Despite the potential global applicability of the ATTARI-12, there is currently no validated Japanese version. Japan has a distinct cultural context, and attitudes toward AI are likely influenced by cultural and societal norms. For instance, Japanese culture’s high uncertainty avoidance tends to result in only a gradual adoption of new technologies [14]. In the absence of a culturally adapted measure, assessments may not accurately reflect the true sentiments of Japanese health care workers and trainees. This gap hinders research and educational efforts aimed at understanding and improving AI integration into the Japanese health care system.
In this study, we developed a Japanese version of the ATTARI-12, which was originally created for the general population, and examined whether it is applicable to medical students and resident physicians. We anticipated that the development of this scale in Japan would promote future research and educational courses that effectively assess and improve the integration of AI into clinical practice and the medical education system.
Methods
This study formed part of a larger research project regarding AI education for medical trainees. We conducted this study in the following 2 steps.
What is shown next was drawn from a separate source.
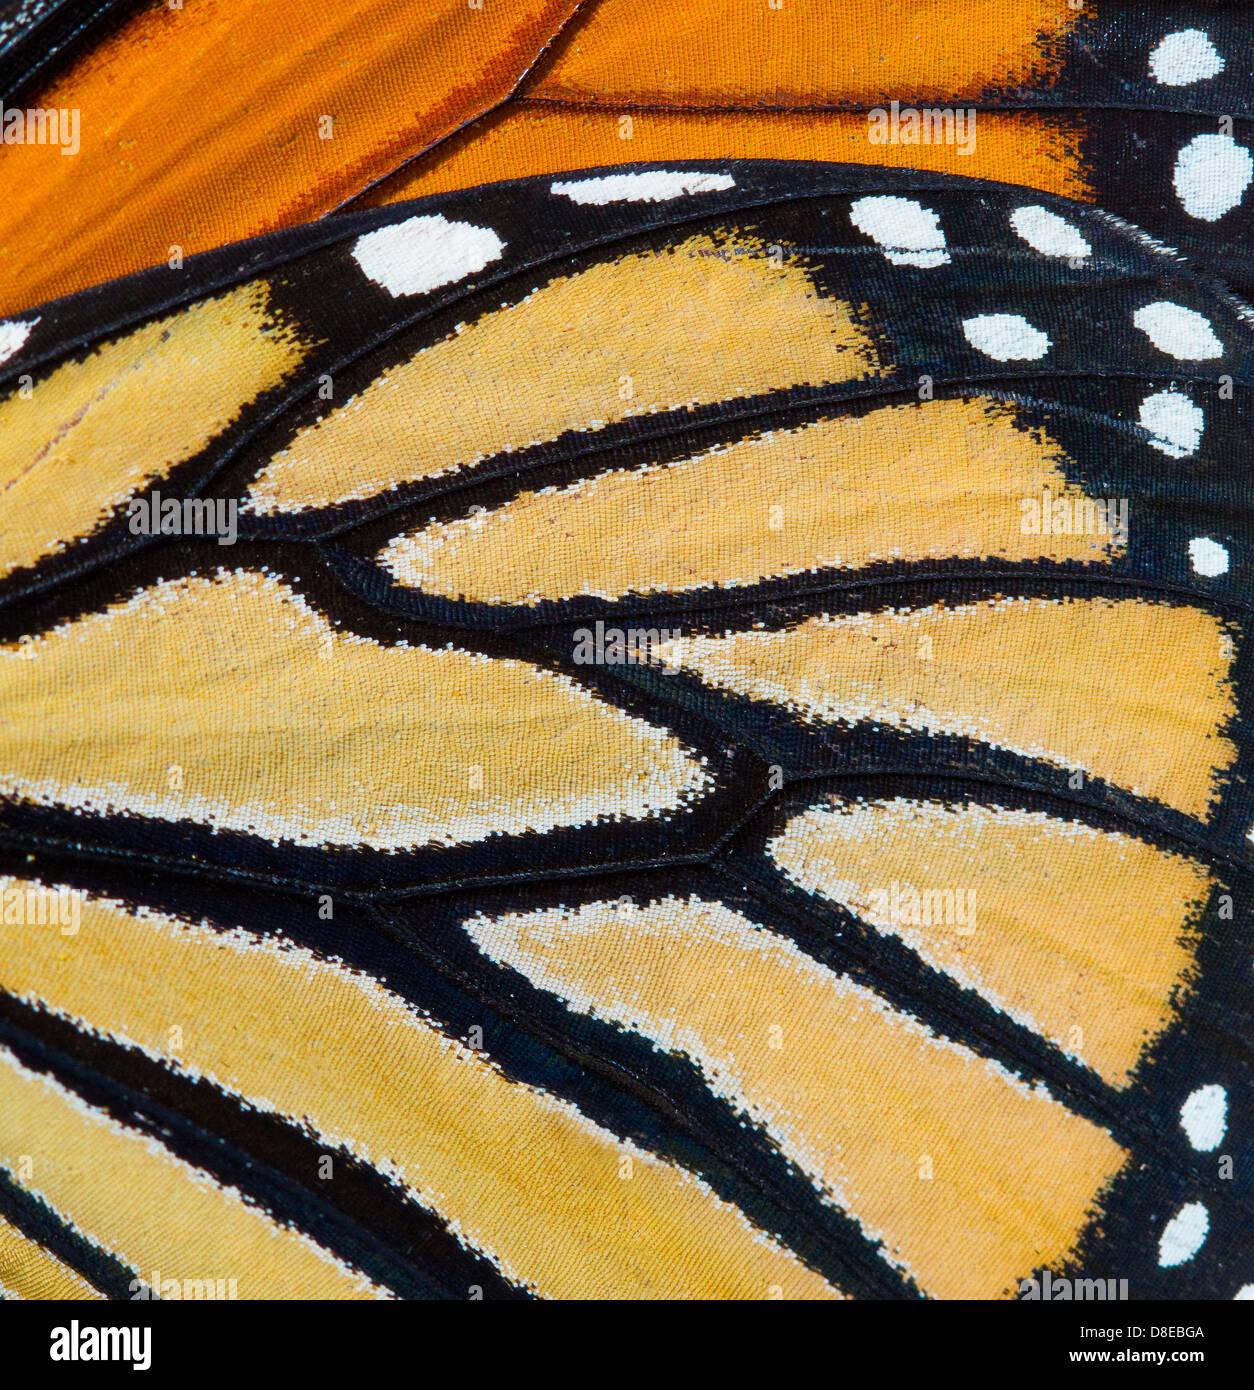 Mariposa monarca (Danaus plexippus) Detalle de ala, Florida, EE.UU.. Imagen De Stock

Step 1: Translation and Cross-Cultural Adaptation
In accordance with an international guideline [15], we translated the original ATTARI-12 into Japanese. First, the first author (HF) asked the creator of the original ATTARI-12 and corresponding author of the article that reported it to allow us to develop the Japanese version. The creator willingly provided permission for our translation of the scale. Second, 2 translators (HF and KK) conducted forward translations independently. Both translators were familiar with Western and Japanese cultures and had rich experience in developing translated versions of scales in the field of health profession education. In particular, KK is a fluent speaker of Japanese and English. Third, the translators performed a synthesis of their translations. Discrepancies were resolved through discussion (version 1). Fourth, HF asked professional bilingual translators who were not involved in our study to translate the Japanese text back into English. HF and KK then compared the back-translated and original English versions item by item and then revised the Japanese version (version 2). Fifth, an expert review of version 2 was conducted by an AI expert (YY) and a health profession education expert (YN) at HF’s request. These experts concluded that no amendment was required. Sixth, HF contacted the creator of the original scale again and asked him to check version 2. The creator concluded that no revision was necessary. Seventh, pilot testing was performed with 2 medical trainees, which indicated no problematic items. Finally, version 2 was confirmed as the finalized Japanese version of the ATTARI-12 (J-ATTARI-12).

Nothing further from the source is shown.